Overview of AI in Education
AI in education refers to the use of
advanced technologies, including machine learning, natural language processing,
and data analytics, to enhance educational experiences. AI applications in
education are diverse and have been implemented across various sectors,
including K-12 schools, higher education, and lifelong learning platforms.
These applications are designed to improve learning outcomes, automate
administrative tasks, and increase accessibility to quality education for
diverse populations. AI's capabilities range from personalized learning
experiences and real-time feedback systems to intelligent tutoring and
predictive analytics.
The first wave of AI adoption in
education focused largely on automating tasks that were traditionally carried
out manually by educators or administrative staff. For example, AI-driven
systems for grading assignments and tests have made it possible for teachers to
focus more on individual student needs and less on administrative burdens[3].

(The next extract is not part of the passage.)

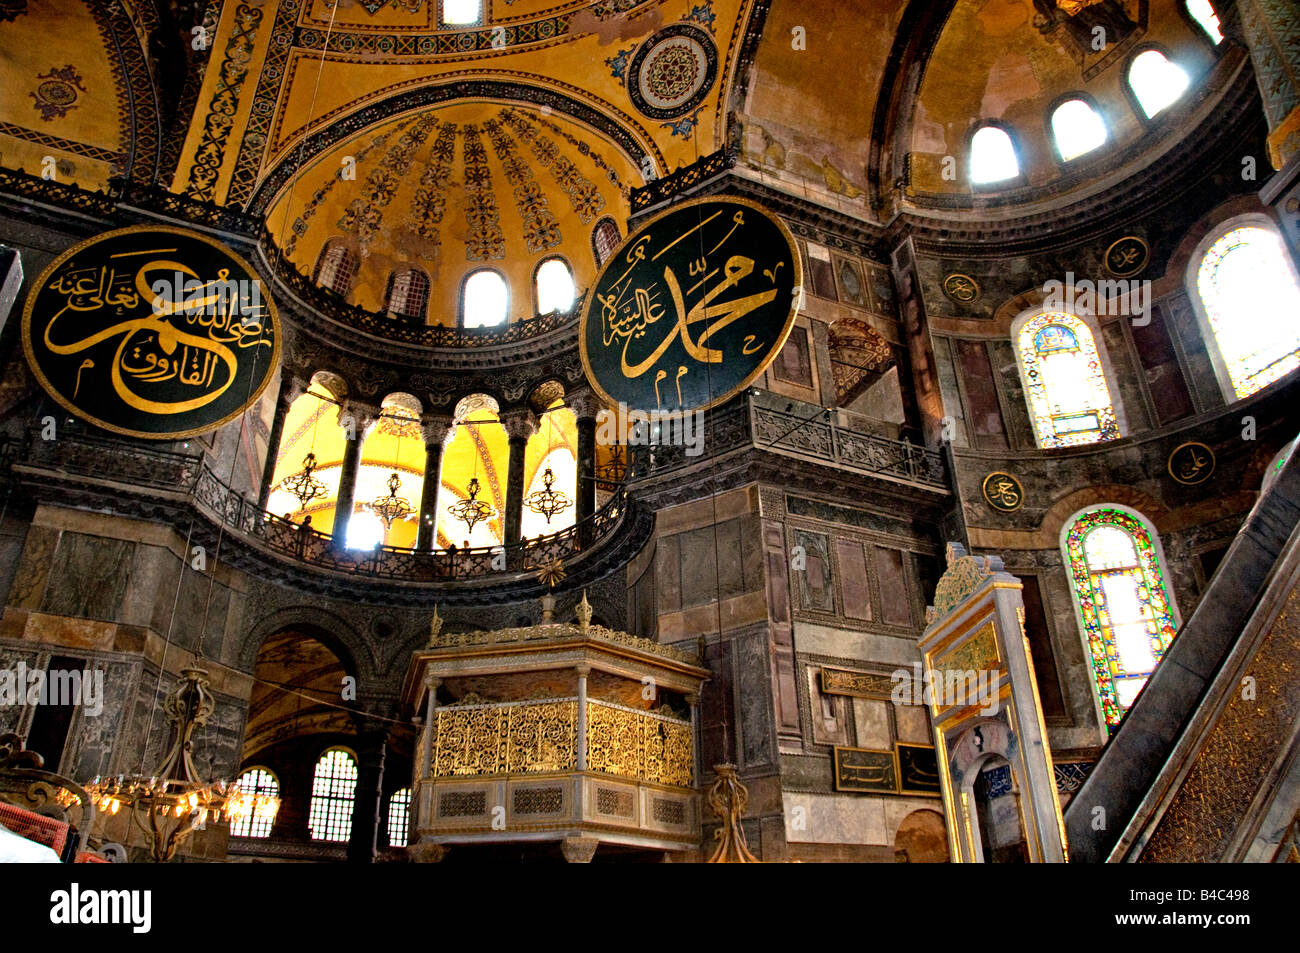 Aya sofya Haghia sophia mosque Istanbul Turkey koran inscriptions and decorative marble Stock Photo

Additionally, AI-powered tools like chatbots and virtual assistants have been
introduced to answer students' questions and provide personalized support
outside of regular class hours[4].
These innovations have the potential to improve the efficiency of educational
systems and support both students and teachers in achieving better outcomes.
Applications of AI in Education
·
Personalized
Learning:
Personalized learning is one of the
most significant benefits of AI in education. AI-driven platforms use data
about students' learning styles, preferences, and progress to deliver tailored
learning experiences. These platforms adapt the pace and content of lessons
based on individual student needs, which is particularly useful for addressing
diverse learning abilities within a single classroom. Studies show that
personalized learning through AI can improve engagement, motivation, and
achievement, especially among students who may struggle with traditional
one-size-fits-all educational models[5].
·
Intelligent
Tutoring Systems:
AI-powered tutoring systems offer
individualized instruction to students, providing immediate feedback and
guidance. These systems use algorithms to analyse student performance and
adjust the difficulty of tasks accordingly. For example, platforms like
Carnegie Learning’s MATHia use AI to simulate one-on-one tutoring experiences,
helping students work through problems at their own pace. The effectiveness of
intelligent tutoring systems in improving academic performance has been
well-documented, with numerous studies showing positive results in subjects
like mathematics and science[6].
·
Automated
Grading and Assessment:
AI is increasingly used to automate
grading and assessment processes. This can significantly reduce the workload of
educators, allowing them to focus on teaching and student engagement. For
instance, AI systems are used to grade essays and assignments, as well as
assess students’ performance in real-time through adaptive quizzes and exams.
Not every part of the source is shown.